Pour ma part, deux de ces moments méritent d’être mentionnés. Le premier s’agit d’un passage bref
pendant lequel Lucien joue à la poupée mécanique avec Mme Besse, une amie de famille. Dans ce
passage merveilleux, Jean-Paul Sartre décrit avec émotion nos bonheurs humains. Il nous invite à
nous enjouer, à former un lien tendre avec Lucien, avant que le malheur et la réalité politique ne
fondent sur nous. Ceux-ci apparaissent dans le deuxième passage qui mérite d’être mentionné. Il
s’agit de la « transformation » en chef de Lucien maintenant devenu adulte. Sommet de ses
convictions, de sa posture conservative et de sa volonté de durcir le caractère qu’il a développées
tout le long de son adolescence, Lucien s’engage dans la politique et s’inscrit dans un groupe
d’extrême-droite antisémite, violent et d’orientation fasciste. Il fait ce qu’il faut pour être un chef,
pour devenir quelqu’un d’intimidant, sans pitié, capable de provoquer la terreur. Cette scène est
essentielle pour l’achèvement de sa transformation, et nous savions qu’elle aura lieu en lisant le titre
de l’œuvre, mais elle est pourtant si tragique à nos yeux : nous venons de suivre le chemin à l’âge
adulte d’un garçon sensible, pur, quelqu’un avec qui on a formé un lien, et cet extrait nous fait
assister au moment affreux ou Lucien suit les idéologies imposées par la société, par son père en lui
faisant croire qu’être « un chef » est son destin, et oublie de penser pour lui-même. Lors de
l’histoire, Sartre était à la recherche de la vérité politique, et il l’a trouvée dans cet extrait :
quelqu’un aurait beau être intelligent, sensible, individuel, venant d’une bonne famille (prenez
l’exemple de Lucien), il se laissera quand-même de se faire endoctriner par la propagande et la
société.

Cela fait longtemps qu’une œuvre ne m’a pas autant marquée que la brillante l’Enfance d’un chef.
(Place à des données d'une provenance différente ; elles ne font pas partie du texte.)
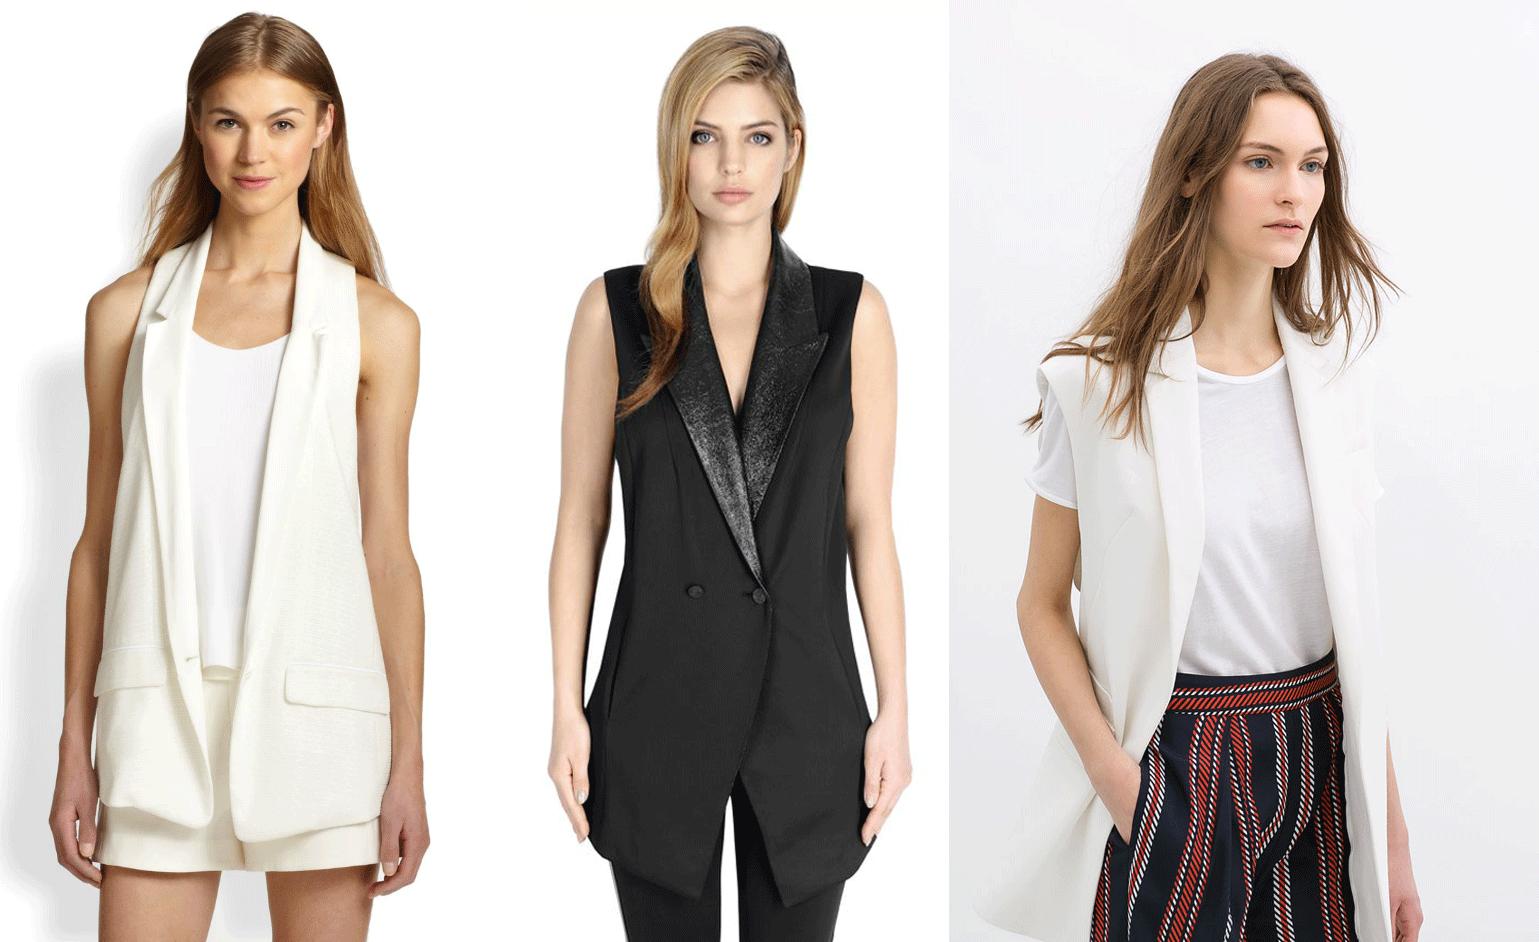 Spring fashion trend 2014 : vests

En effet, en à peu près cent pages, Jean-Paul Sartre dévoile avec finesse et bravoure
l’endoctrinement des hommes. Il nous fait comprendre à travers l’expérience de Lucien que, peu
importe le régime concerné, les chefs les plus vils de l’histoire étaient victimes de leur propre
éducation. Tous les grands chefs étaient petits un jour, ils jouaient tous avec les autres, ils avaient
tous au moins une liaison amoureuse, comme Lucien. En revanche, et la nouvelle nous le montre
bien, ceux-ci ne savaient pas comment éviter de s’adhérer aux idéologies imposées par leurs
familles, et se faisaient donc endoctrinés sans même le savoir. Ainsi, on comprend qu’il est
impossible de naitre chef, mais de le devenir.